Now, what am I going to talk about, huh? Well, let me tell you. It’s happened to me a couple of times in the last week or so: I’ve been speaking out to inanimate objects. This is a condition that other people have, I recognize. That’s nothing in and of itself, particularly. It depends what you’re speaking out about. Let me tell you.

The first one was, somebody gave me a magazine. A kind friend gave me a magazine. A Christian magazine—I’ll leave it at that. A wide-circulating, very influential Christian magazine. And as I was leafing through it, I came to an editorial comment, which ran to a page, which concerned what was referred to as “our movement.” “Our movement.” And the author, writing, as it were, in an all-embracing way for everyone who represents authentic Christianity, was concerned and was chiding me and others for the fact that “our movement” wasn’t doing too well. And the reason that “our movement” wasn’t doing too well was because people like me weren’t in “our movement.” And if “our movement” was going to be successful, then what would need to happen is that we would have to develop an agenda which would be a more successful agenda than the other movements which are going on around us.

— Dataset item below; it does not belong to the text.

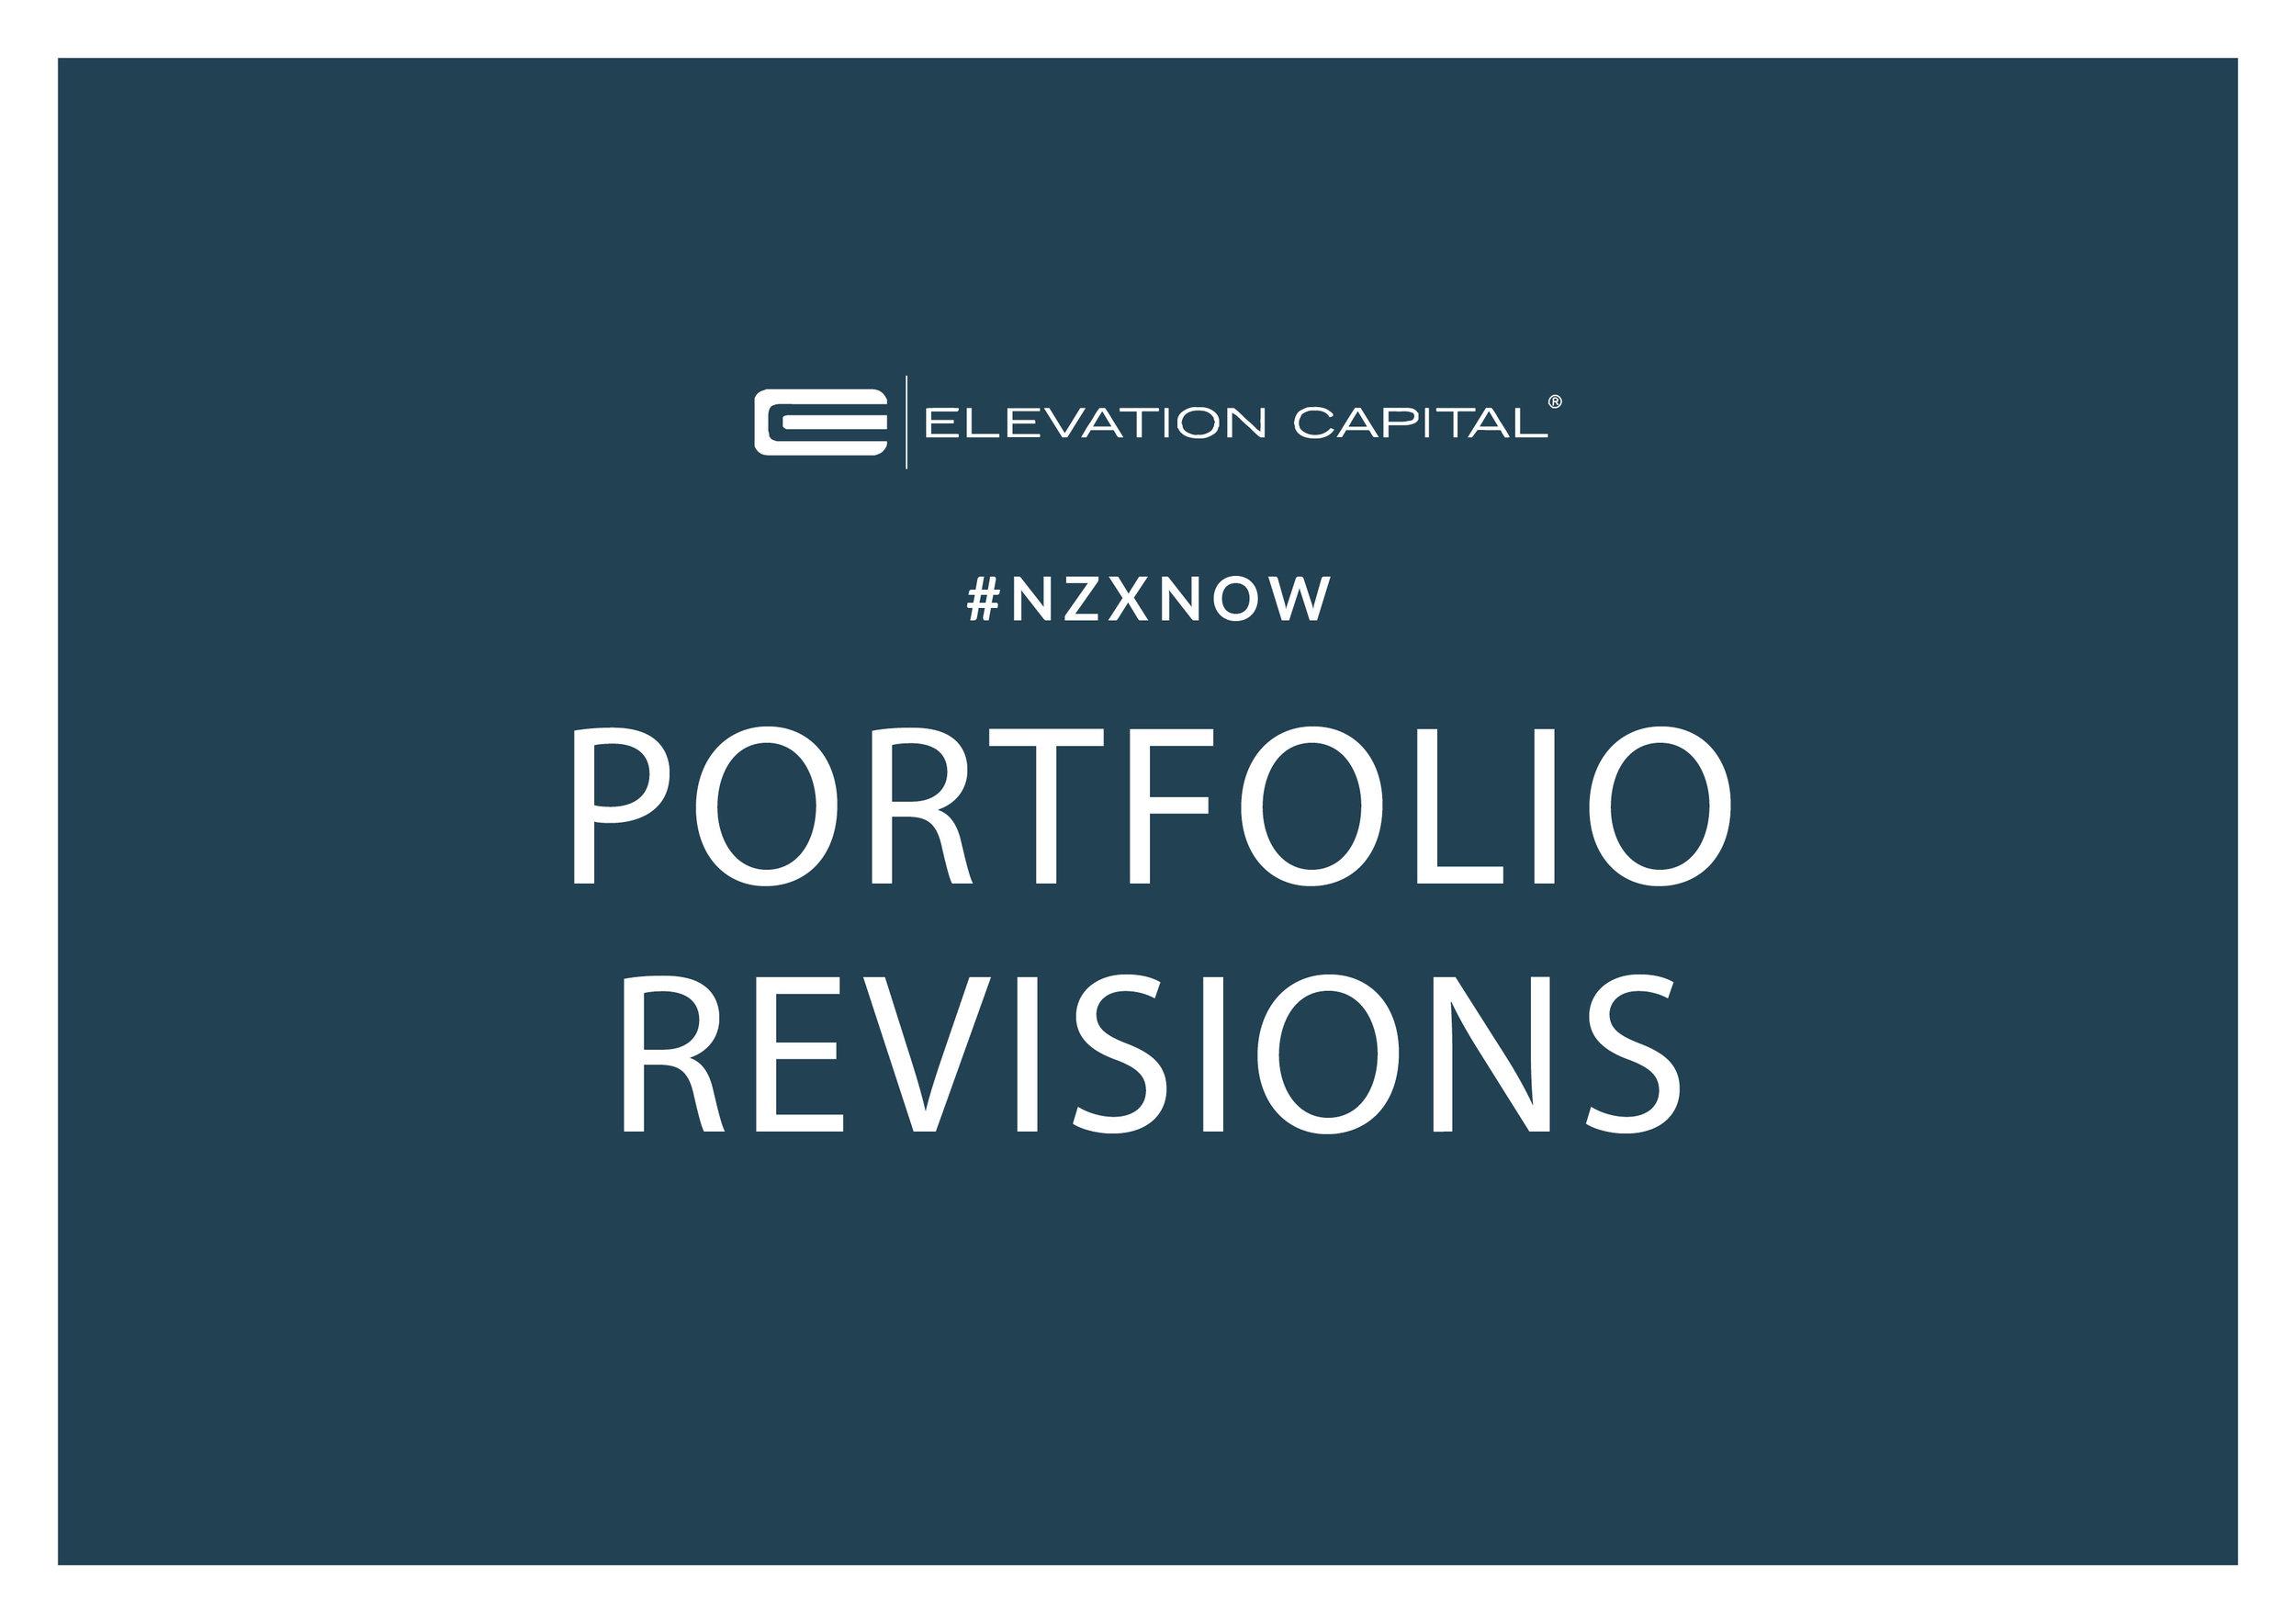 #NZXNOW - Presentation - 1 October 201822.jpg

I read the article, I laid it down on the table, and I just exclaimed—in the response in my heart and mind, I said, “I am not in a movement!” I just said that to the magazine. The magazine didn’t answer. Nobody answered. Nobody was around. But I told it. I said, “I am not in a movement!” The thought in my mind then was “Well, what are you in?” And I said, “I am in the church of Jesus Christ.”

Well, I hadn’t hardly recovered from that when I was watching TV. Although I have tuned many stations out of my television, I happened to see this one. And again I was chided by some who are my friends and one who is my countrywoman for the fact that somehow, again, I was not in “the coalition”—the coalition which is vital, now, for the establishing of a significant number of judges and politicians of the right gender and of the right persuasion in the right place at the right time if ever there is to be a future for “the coalition”; a coalition which will involve conservative Catholics, whoever they are, and also evangelicals firm in the faith. And I find myself again—I turned the television off, I stood up, and I said, “I am not in a coalition.” “What are you in?” “I am in the church of Jesus Christ.”

Now, as soon as I’d done that—this was the second time in a matter of days—I then sat down to assess how much of my reaction was born of personal prejudice; how much of my reaction was actually dead wrong; how much of it was just because I was dumb and missing the point; and how much, if any of it, was born from a deep conviction about biblical theology, was born of an understanding of the headship of Jesus Christ and his rule over the church, was born out of a conviction of what the Bible says concerning ministry, concerning the church, concerning what it means to be the church in our day and generation. Because if I’m wrong, then the Scriptures must correct me, and if I’m right, then I can’t keep silent any longer. And so I went back to the area of study—1 Peter chapter 2—and I read it. Verse 9: What does God say about the church? What does he say we are? He says,

You are a chosen people, a royal priesthood, a holy nation, a people belonging to God, that you may declare the praises of him who called you out of darkness into his wonderful light. Once you were not a people, but now you are the people of God; once you had not received mercy, but now you have received mercy.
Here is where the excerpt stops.